Common Exam Variations
- Two dice sum problems — P(sum = k), P(sum > k), P(sum is prime)
- Card drawing — with specific suit/rank constraints, with or without replacement
- Coin sequences — P(exactly r heads in n tosses), P(at least r heads)
- Bag problems — balls of different colors, drawing with/without replacement
- Conditional dice — “given that the sum is even, find P(both are same)“
Practice Problems
Q1: Two dice are rolled. Find the probability that the product of the numbers is 12.

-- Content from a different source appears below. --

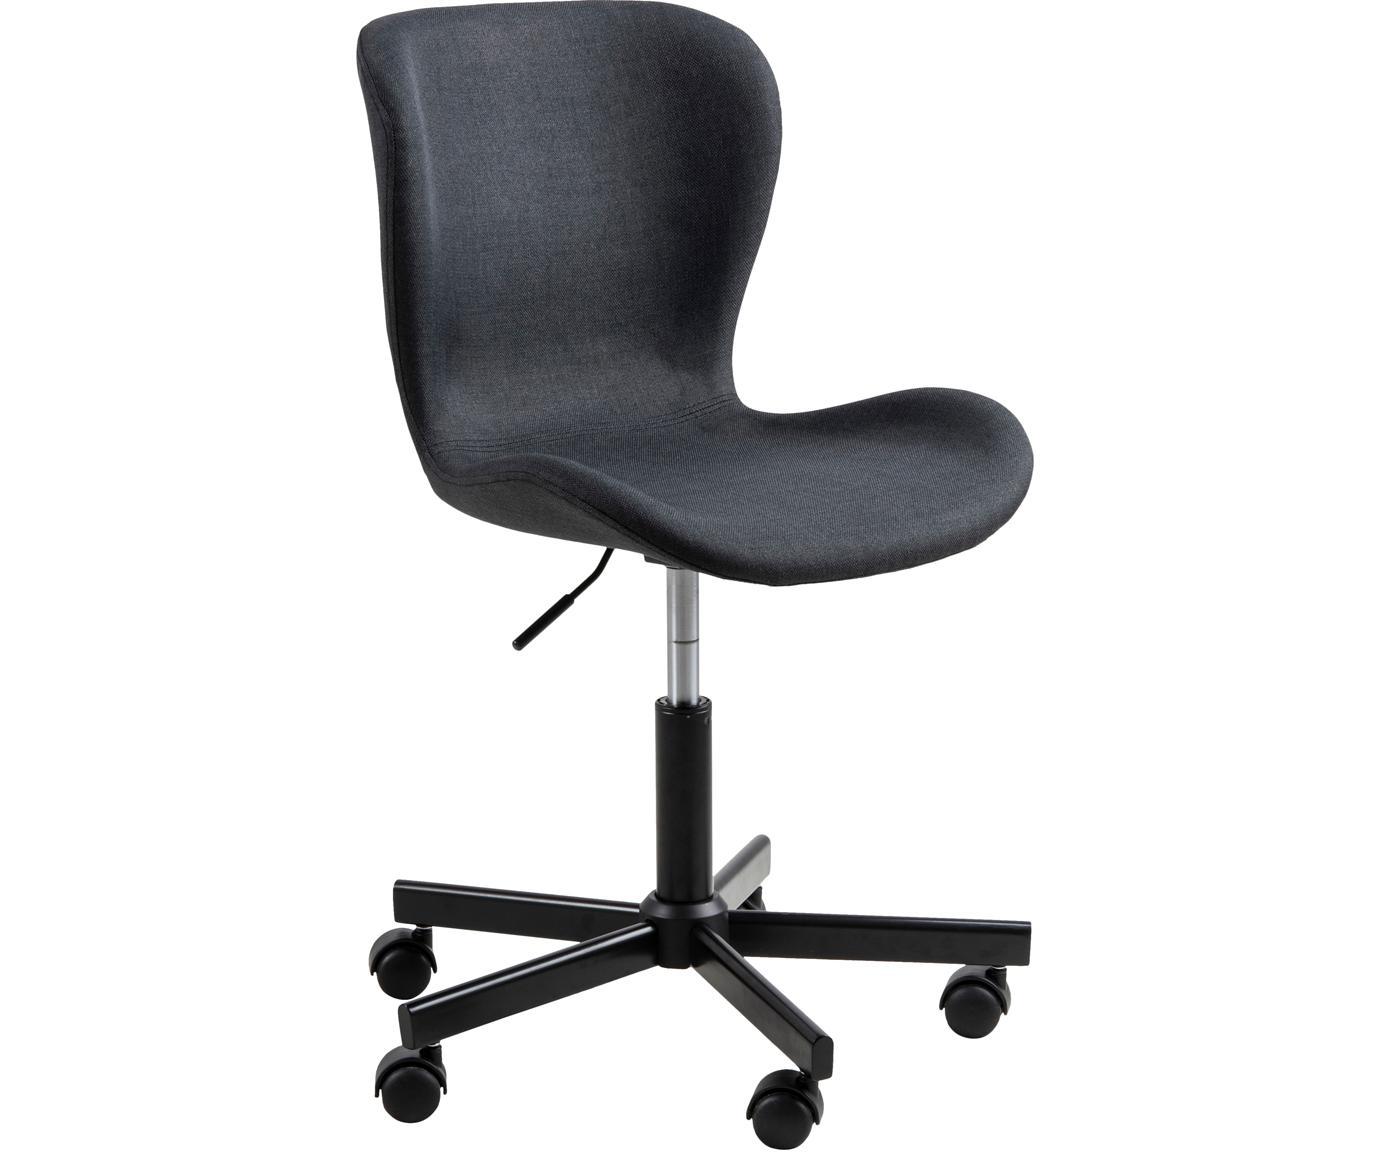 Biurowe krzesło obrotowe Batilda, Tapicerka: tkanina, Nogi: metal malowany proszkowo, Antracytowy, S 55 x G 54 cm

Q2: 5 coins are tossed simultaneously. Find P(at least 4 heads).
Q3: From a deck of 52 cards, two cards are drawn without replacement. Find the probability that one is a spade and the other is a heart.
Answers
A1: Pairs giving product 12: (2,6), (3,4), (4,3), (6,2) → 4 favorable outcomes. P = 4/36 = 1/9.
A2: P(at least 4 heads) = P(4 heads) + P(5 heads) = 5C4/2⁵ + 5C5/2⁵ = 5/32 + 1/32 = 6/32 = 3/16.
A3: Ways to pick 1 spade and 1 heart = 13C1 × 13C1 = 169. Total ways = 52C2 = 1326. P = 169/1326 = 13/102.